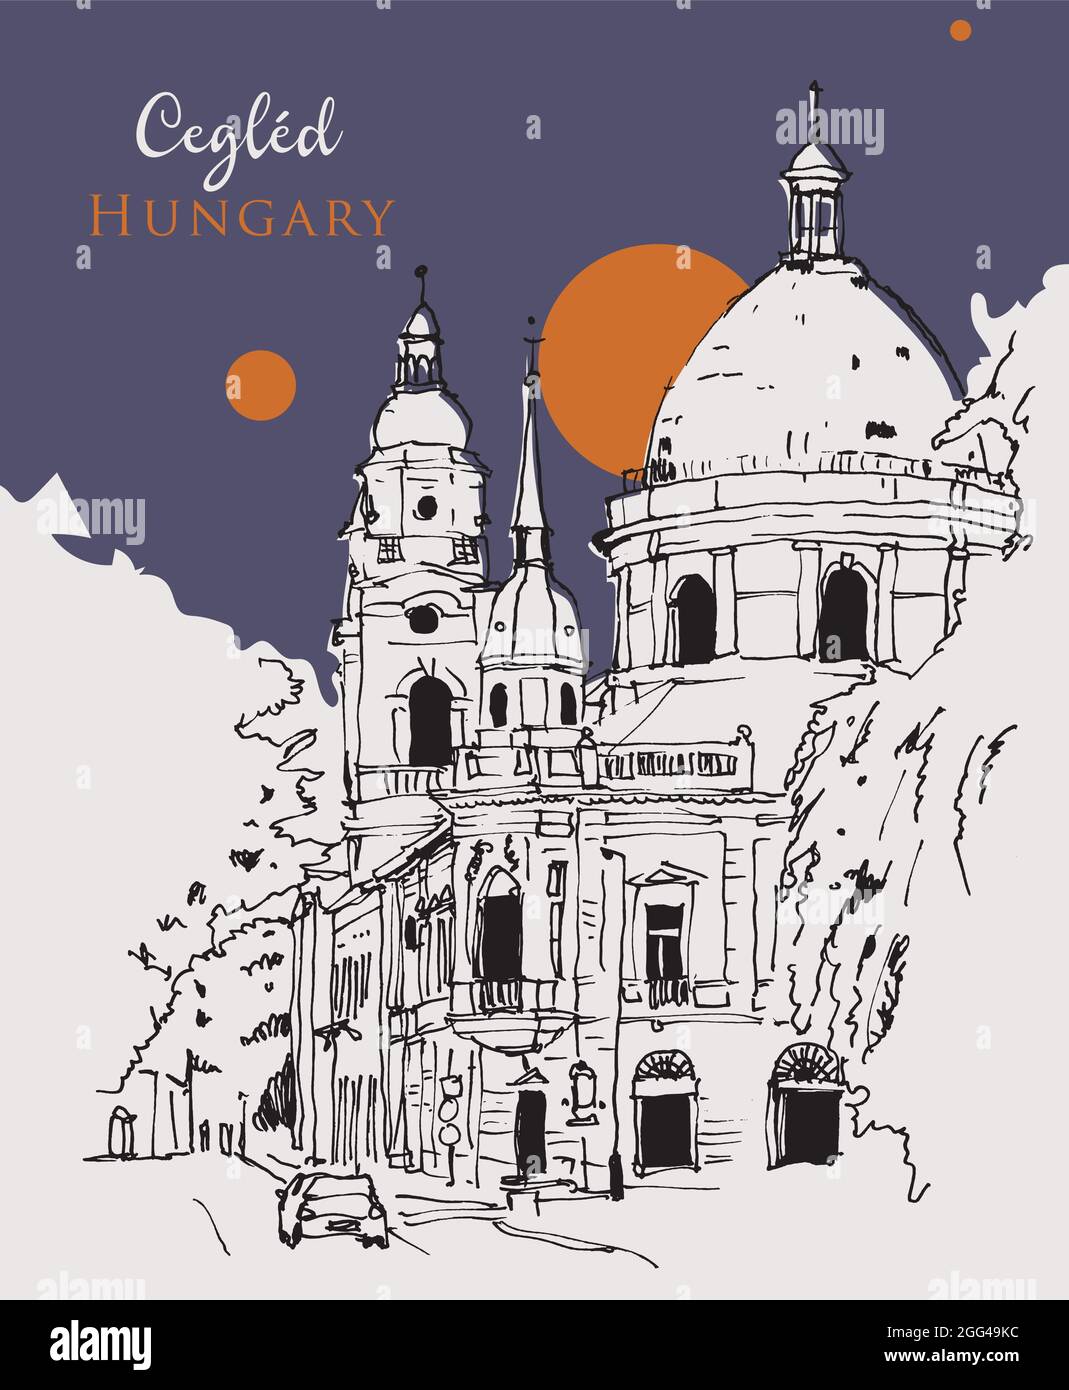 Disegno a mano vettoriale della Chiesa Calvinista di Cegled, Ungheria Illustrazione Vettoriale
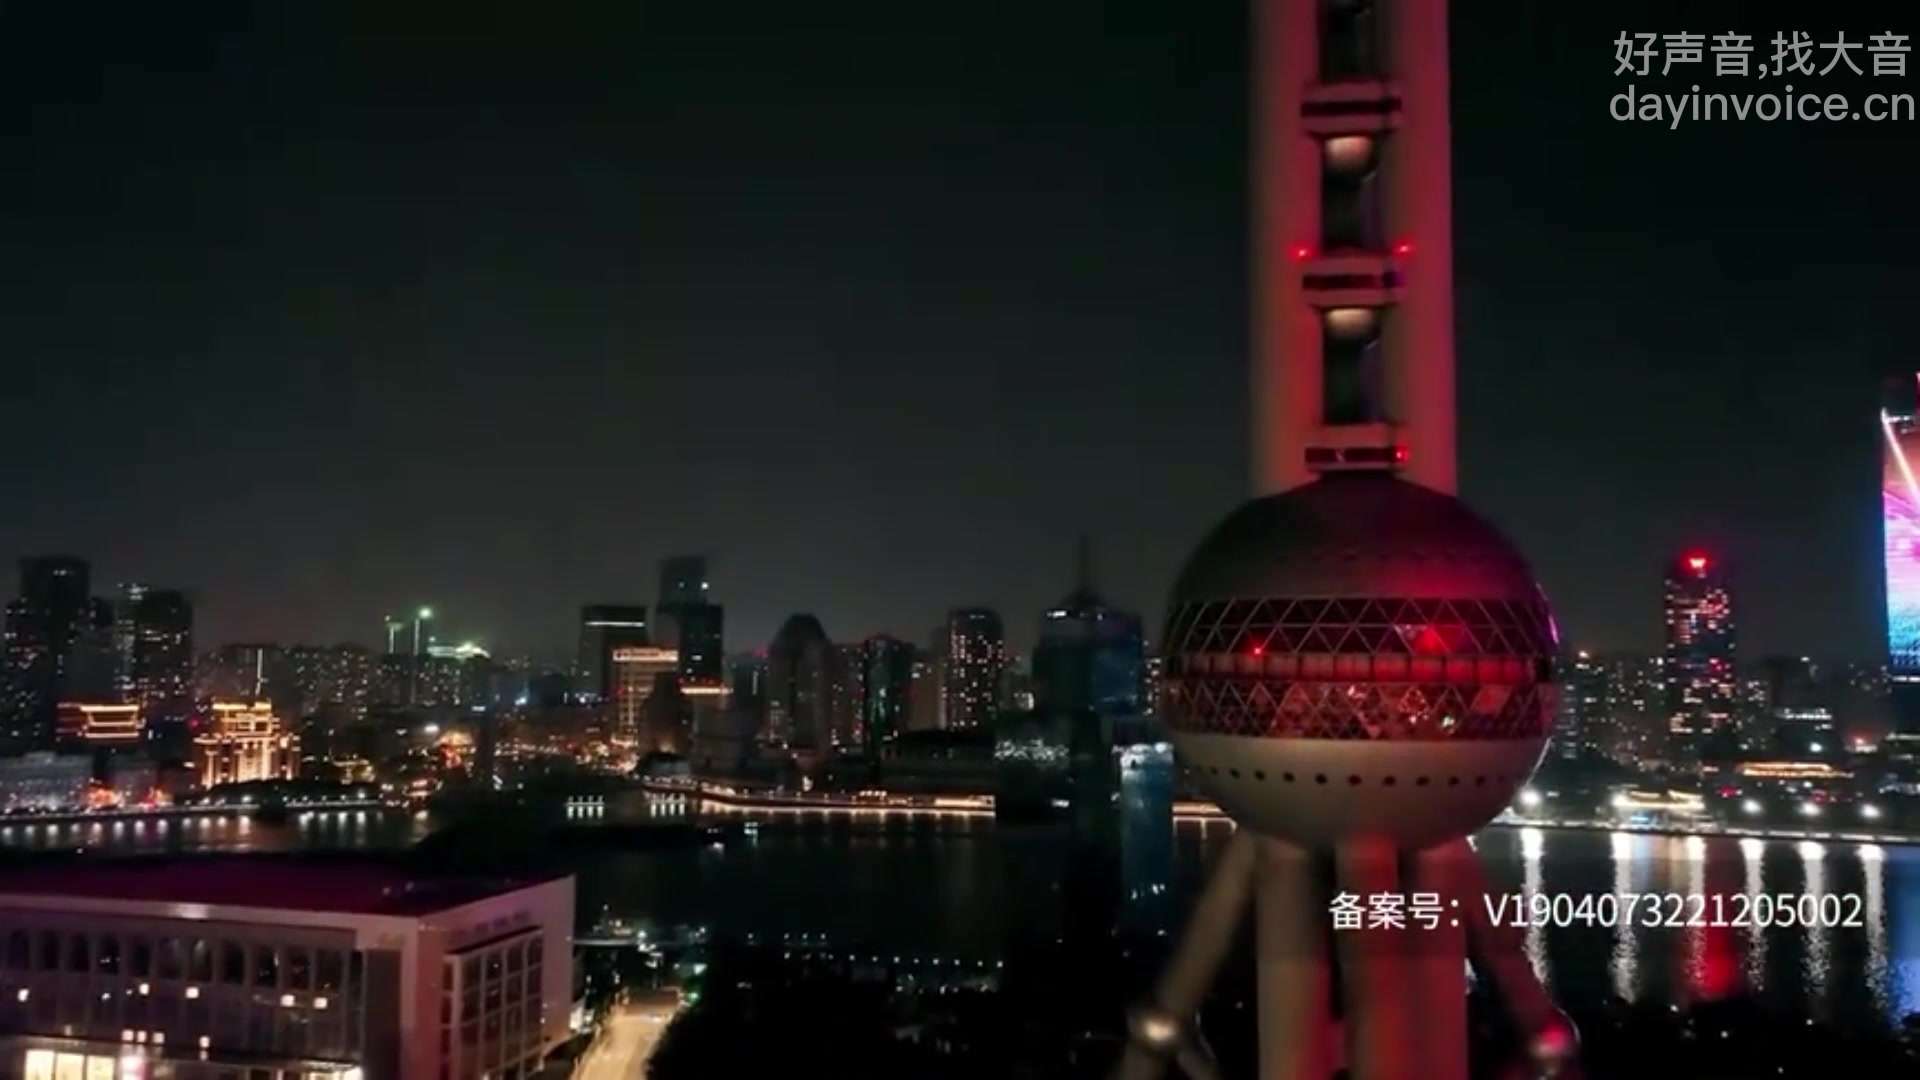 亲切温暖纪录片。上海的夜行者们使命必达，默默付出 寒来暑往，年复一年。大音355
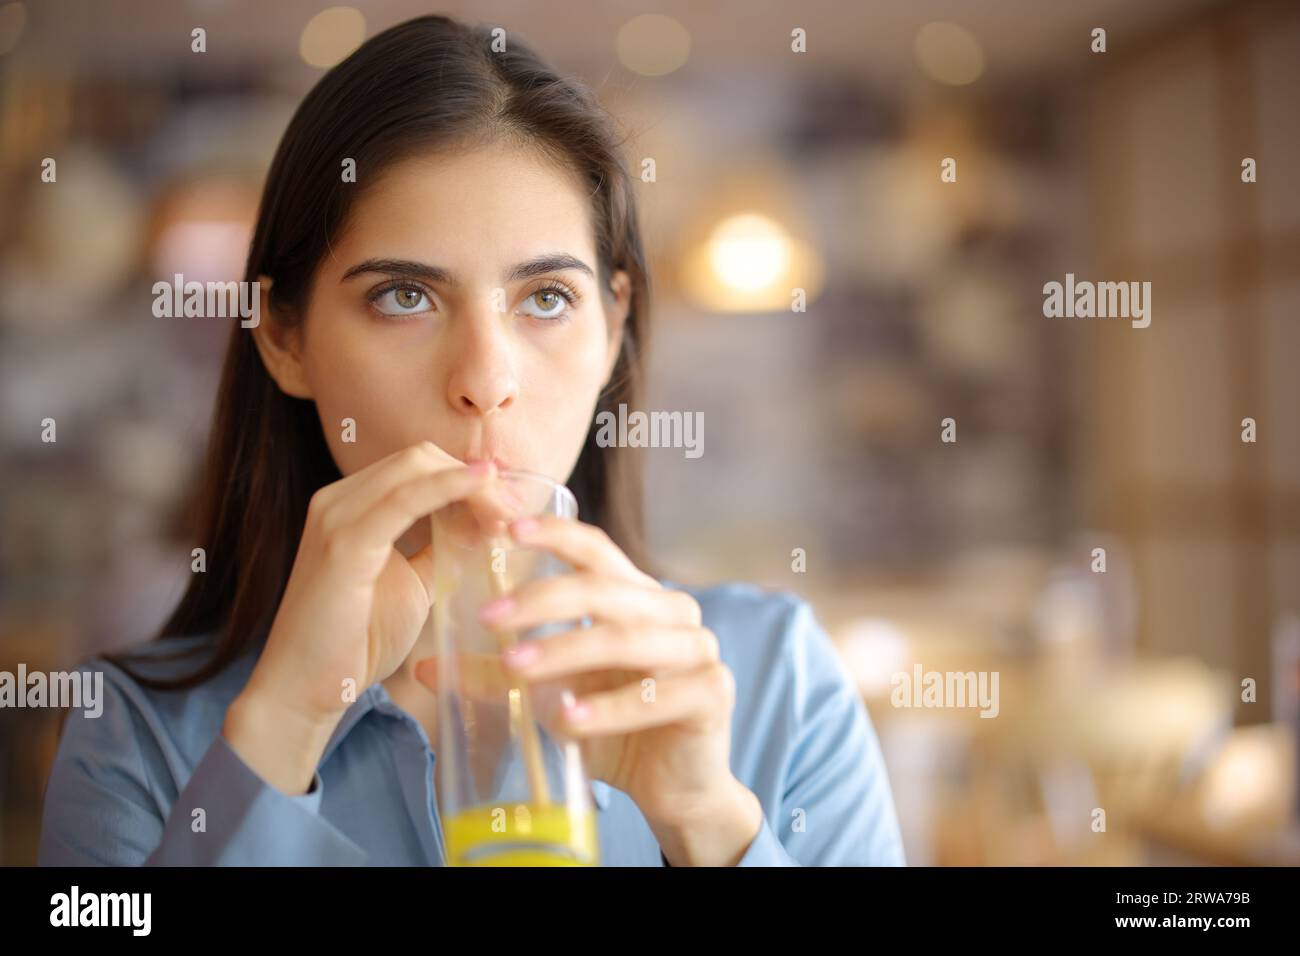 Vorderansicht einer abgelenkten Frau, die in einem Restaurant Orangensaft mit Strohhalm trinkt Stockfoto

* * *

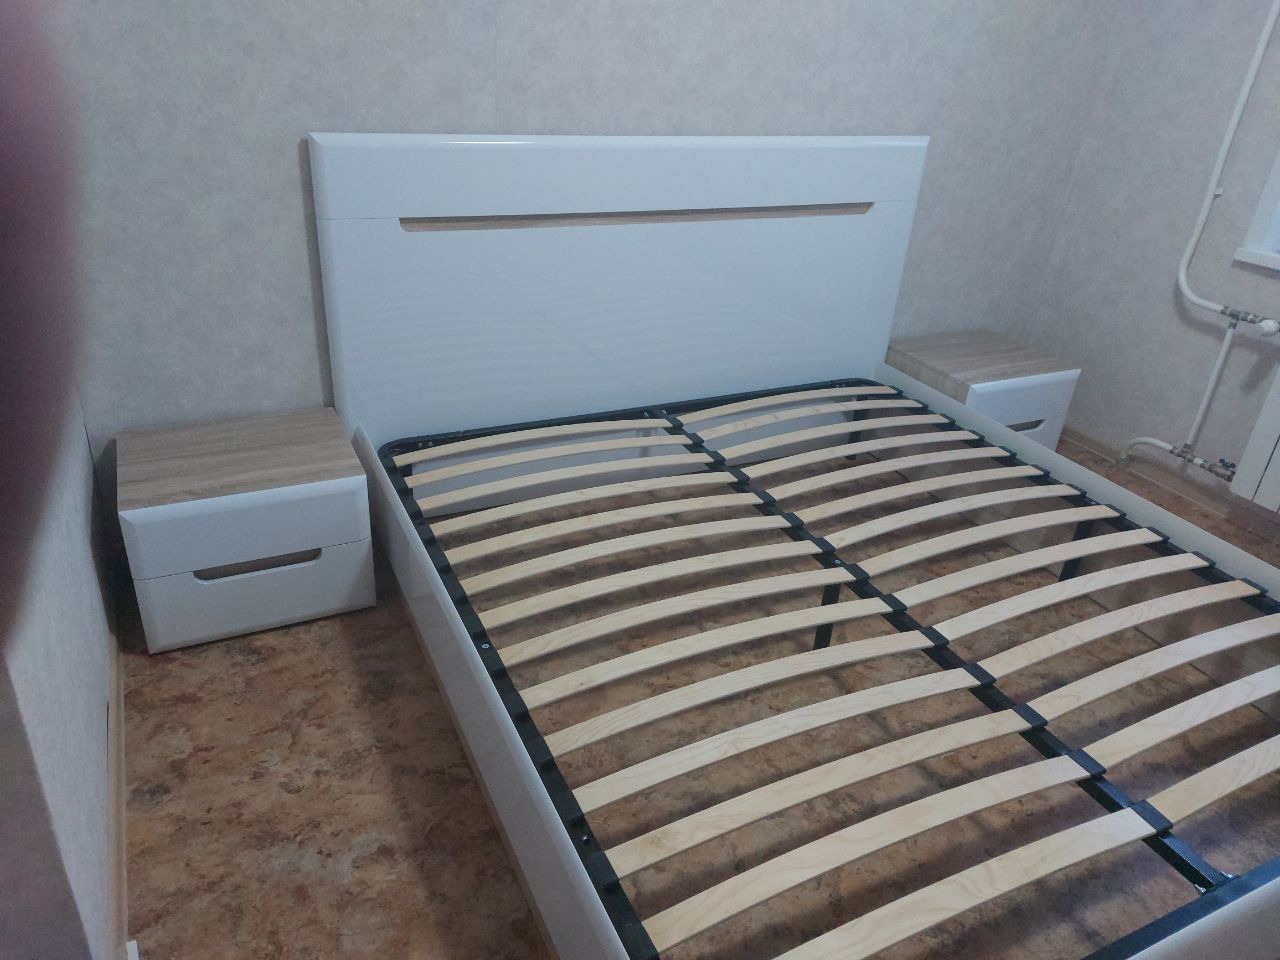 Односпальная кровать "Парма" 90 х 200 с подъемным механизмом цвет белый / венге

Task statement: Using the entries above, write out exactly the lines from the one with "Disegno a mano" through the one with "Vorderansicht einer abgelenkten", ends included. Leave out any pictures.

Answer for this exercise:
 Disegno a mano vettoriale della Chiesa Calvinista di Cegled, Ungheria Illustrazione Vettoriale
 亲切温暖纪录片。上海的夜行者们使命必达，默默付出 寒来暑往，年复一年。大音355
 Vorderansicht einer abgelenkten Frau, die in einem Restaurant Orangensaft mit Strohhalm trinkt Stockfoto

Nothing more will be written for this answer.